When assessing the value of a DAT, you should first ask yourself: If this company had a fixed lifespan, how much would it be worth?
The value of this approach becomes clear when viewed from a very short-term perspective. For example, suppose a Bitcoin DAT announces it will close this afternoon and distribute its held Bitcoin to investors; its trading price would be equal to its Bitcoin value (mNAV of 1.0).
Now, let's extend this time frame. What if it announces it will close in a year? Now you must consider all the possible reasons that could cause the DAT's trading price to be above or below its Bitcoin value. Let's analyze them one by one.
The three main reasons for a DAT to trade at a discount are — lack of liquidity, operating expenses, and potential risks.

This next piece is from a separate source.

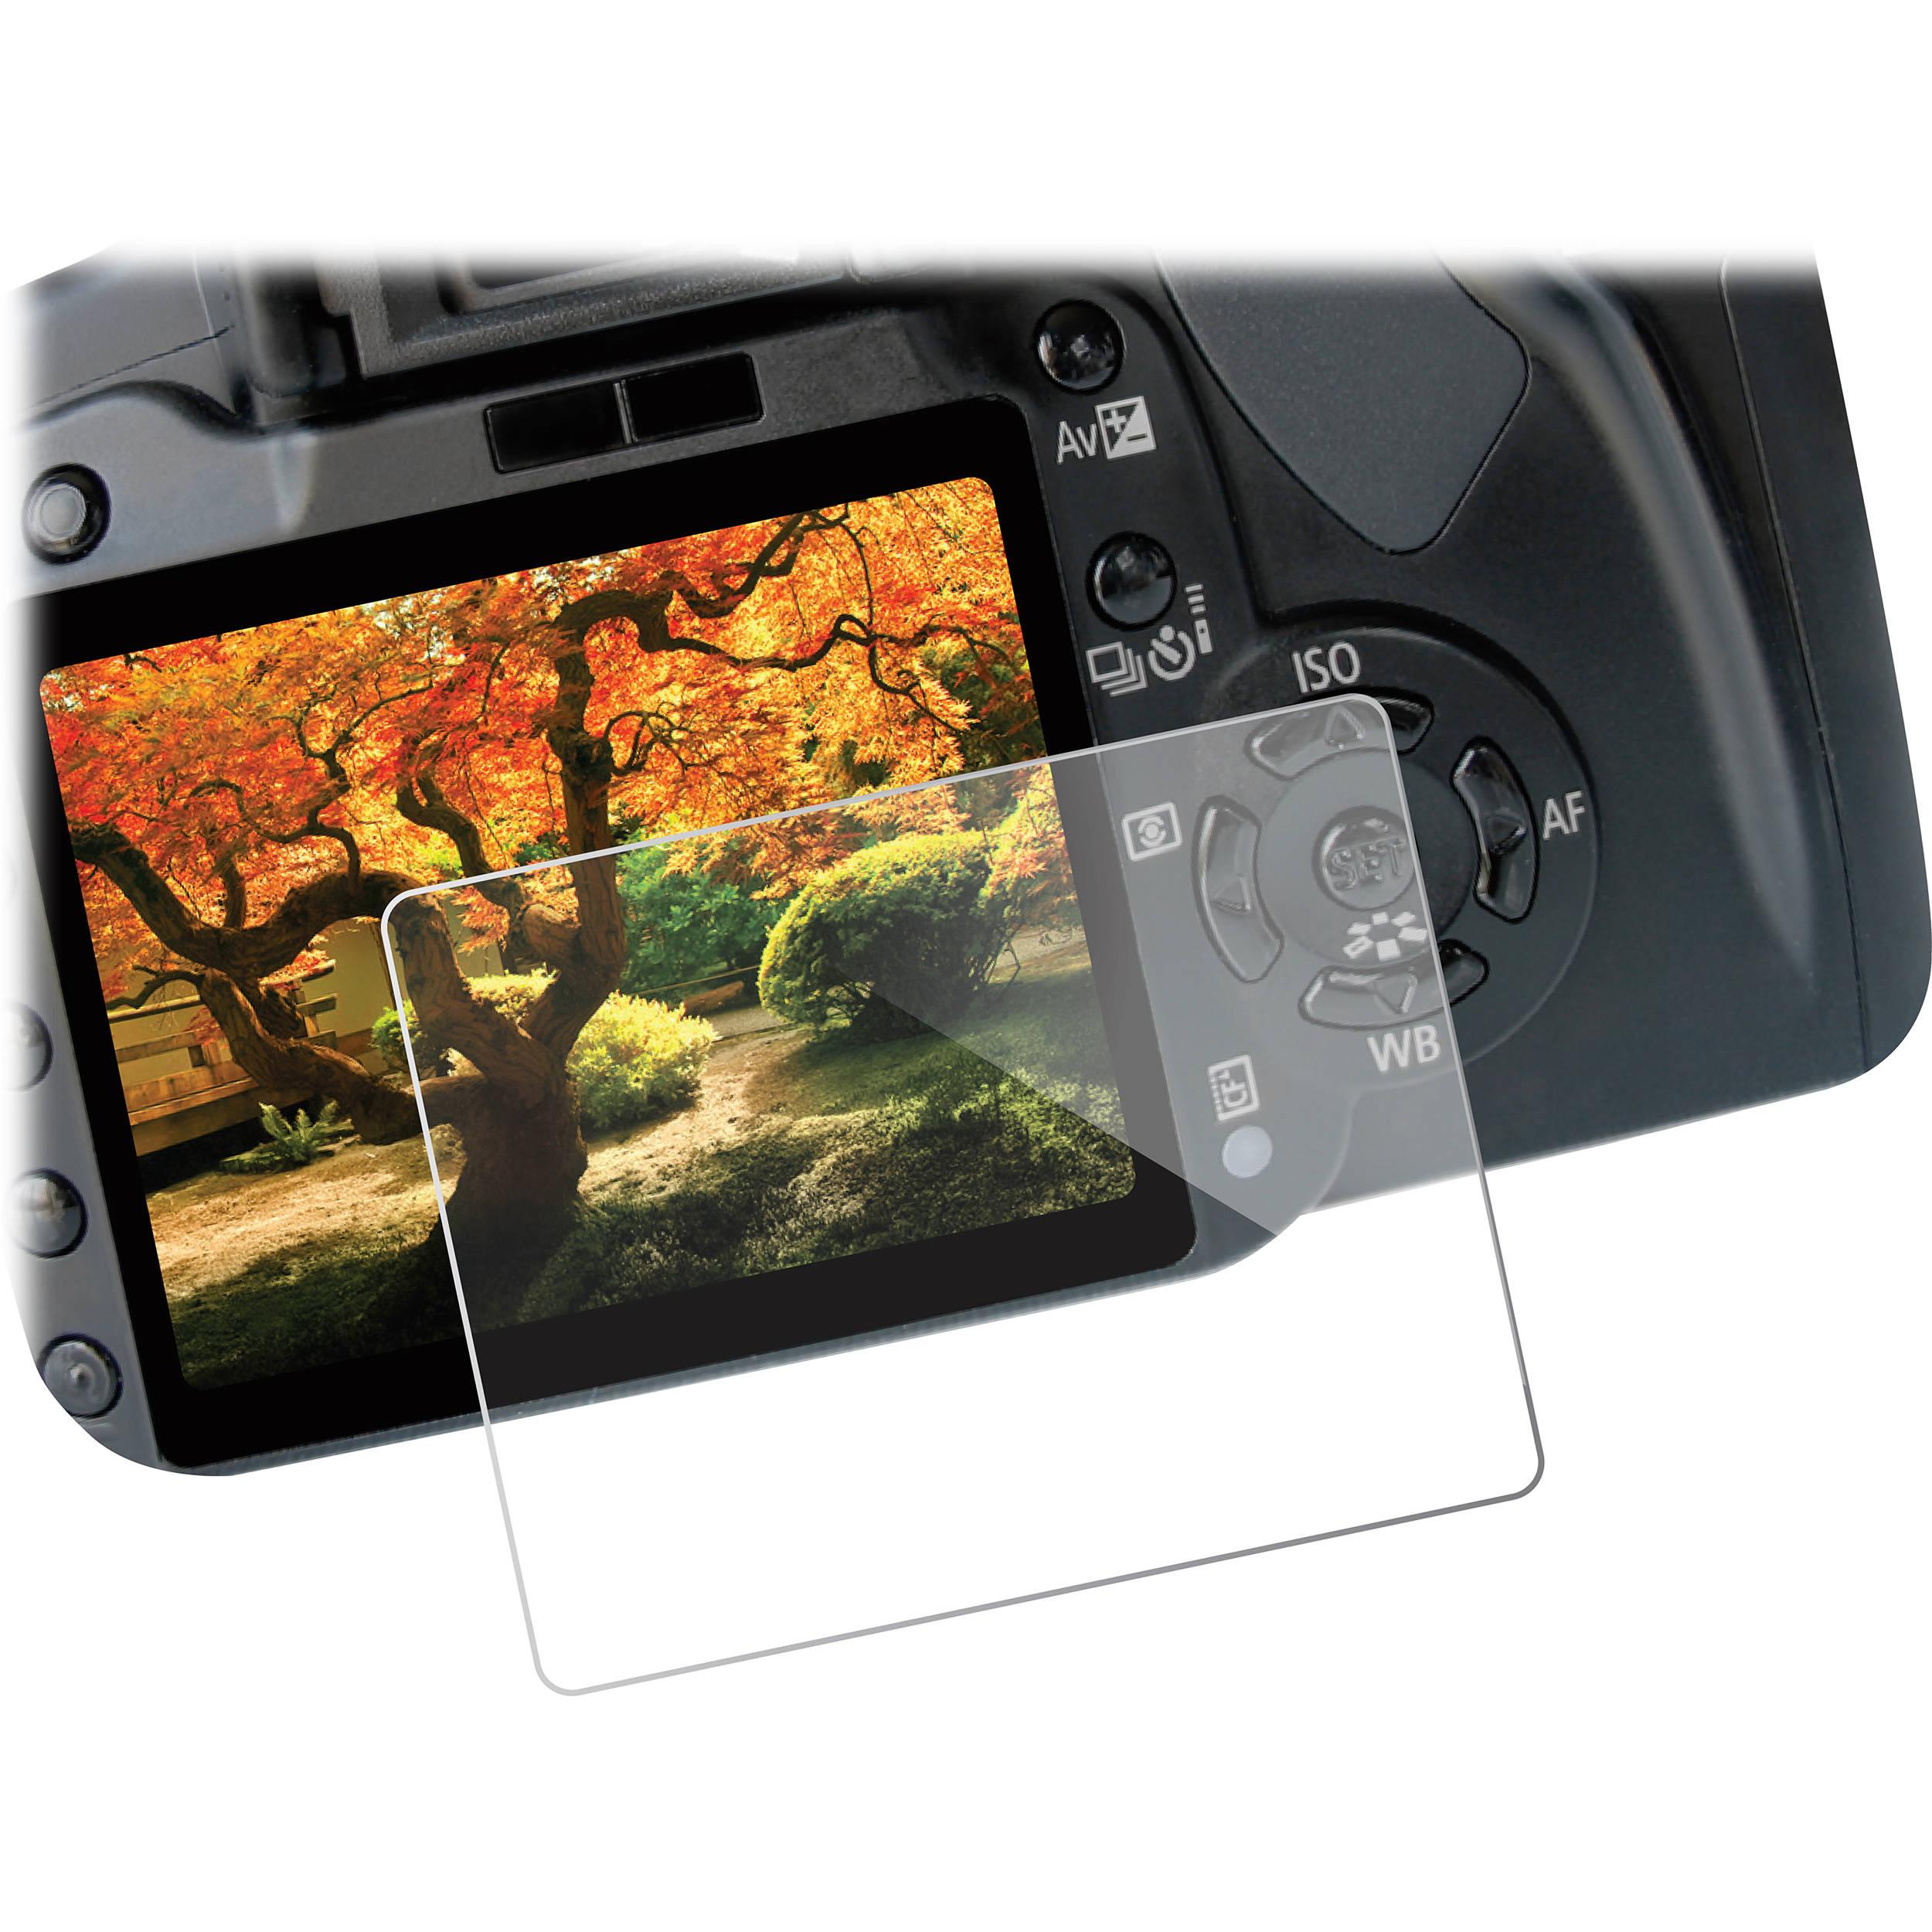 Screen Protectors Compatible Nikon D7500 AFUNTA 2 Packs Anti-Scratch Tempered Glass Protective Films for DSLR Digital Camera
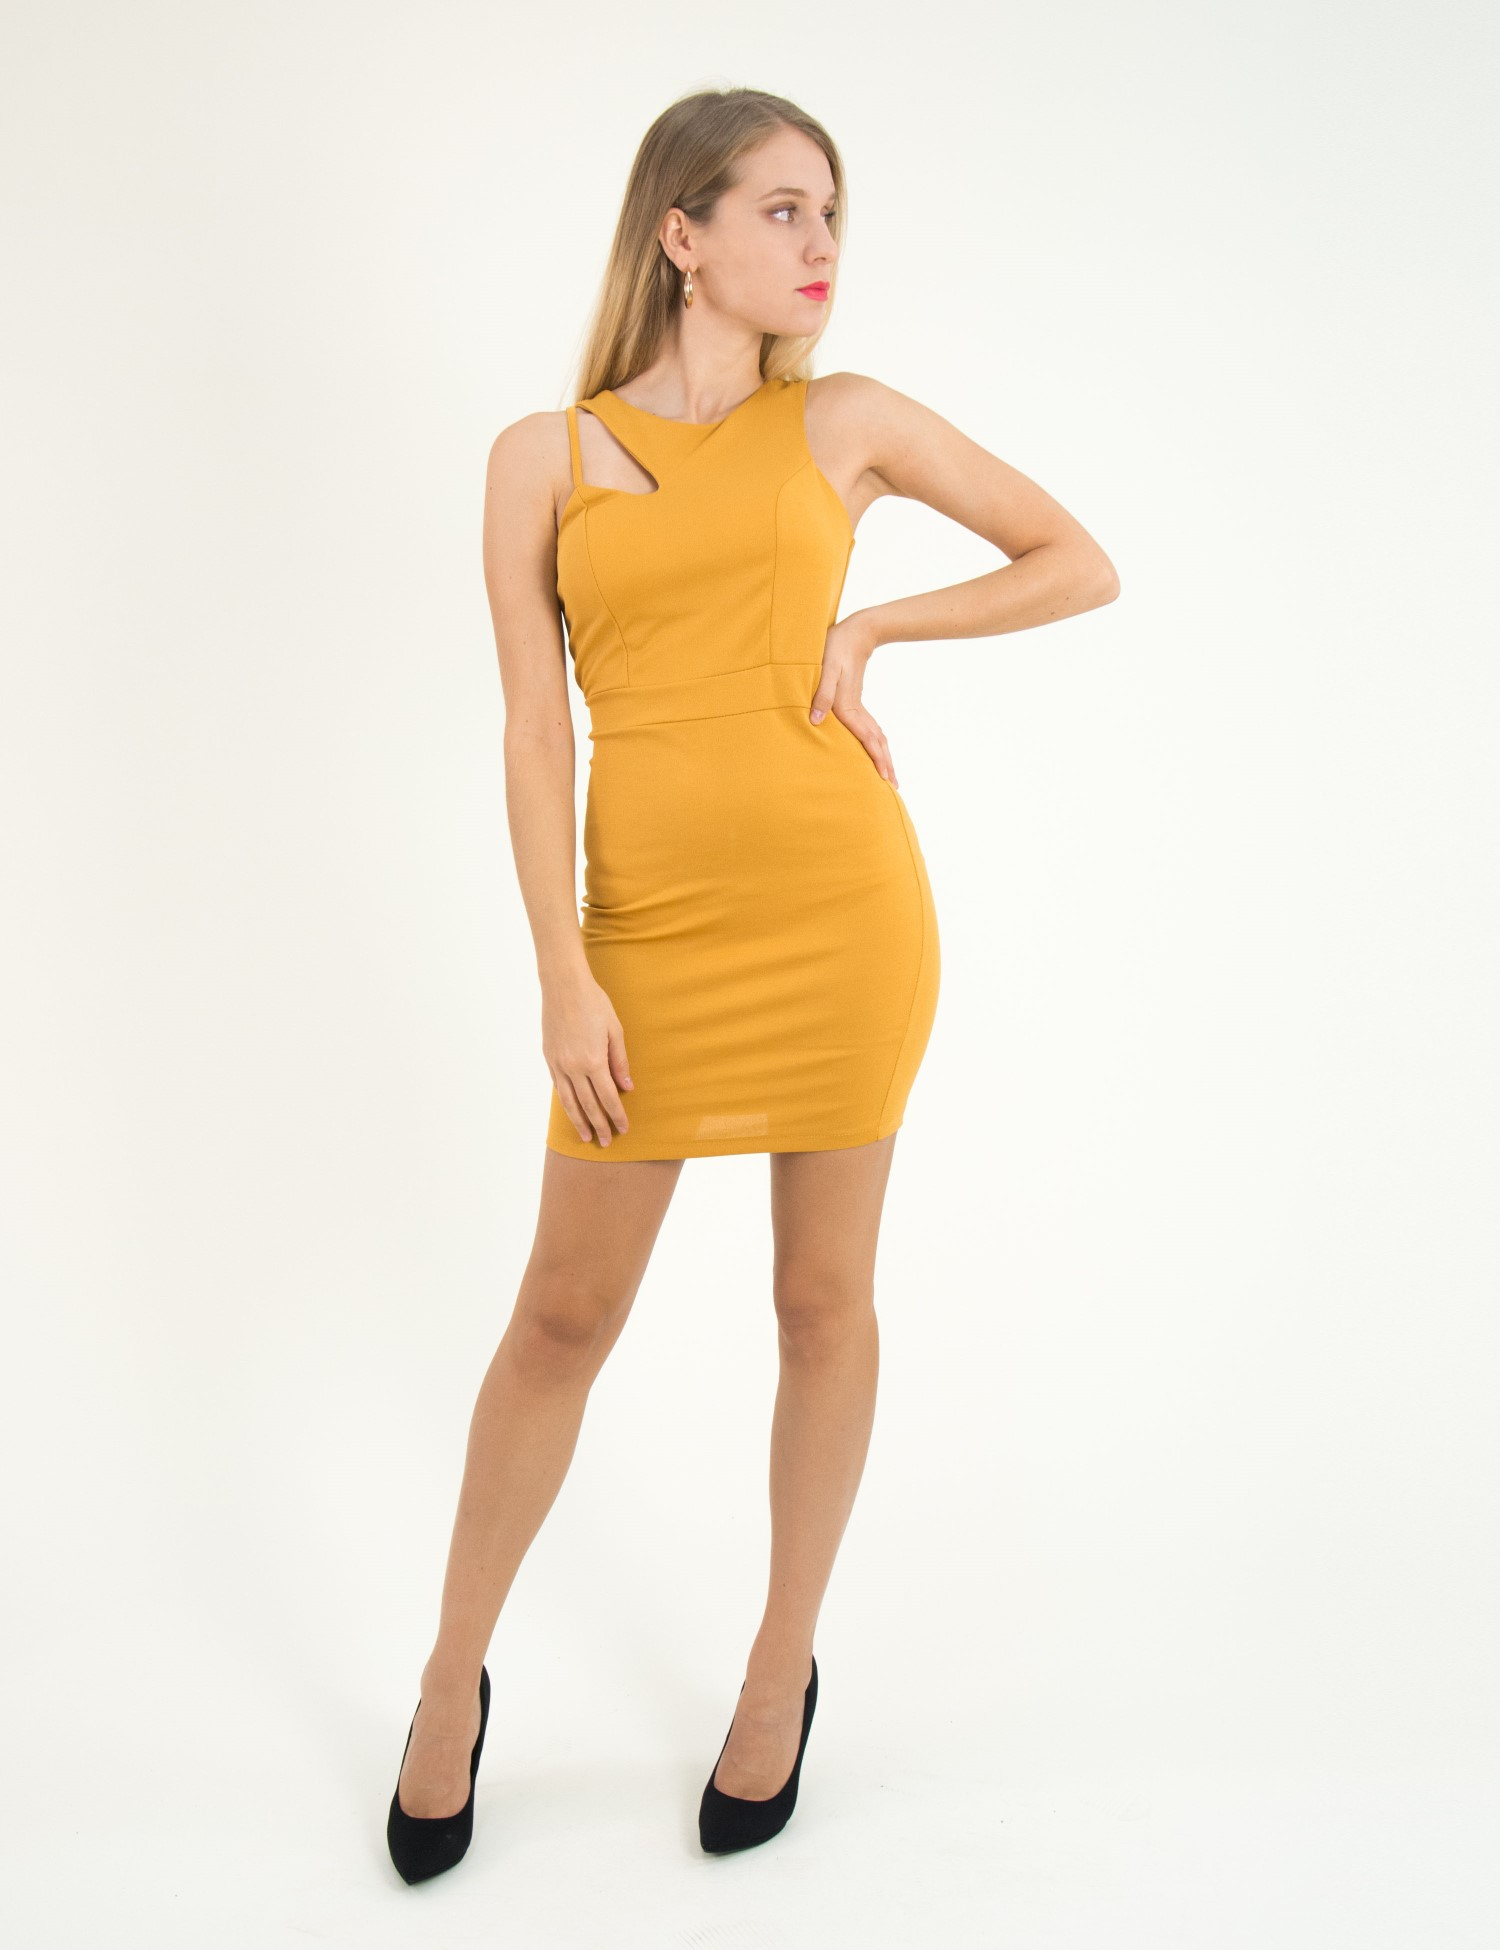 fccd3c33e99 Γυναικείο ώχρα αμάνικο φόρεμα μονόχρωμο άνοιγμα 3783

- Lack of liquidity: You certainly wouldn’t want to buy Bitcoin that you can only receive in a year at the current price, but you might be willing to accept a discount, say 5% or 10% — personally, I would accept a 10% discount — which would correspondingly lower the value of the DAT.
- Operating expenses: Every dollar spent on operating expenses or executive salaries comes from your pocket. Suppose this DAT, which will liquidate in 12 months, holds $100 worth of Bitcoin per share but needs to pay executives $10 per share annually; you would certainly demand a 10% discount relative to the net asset value.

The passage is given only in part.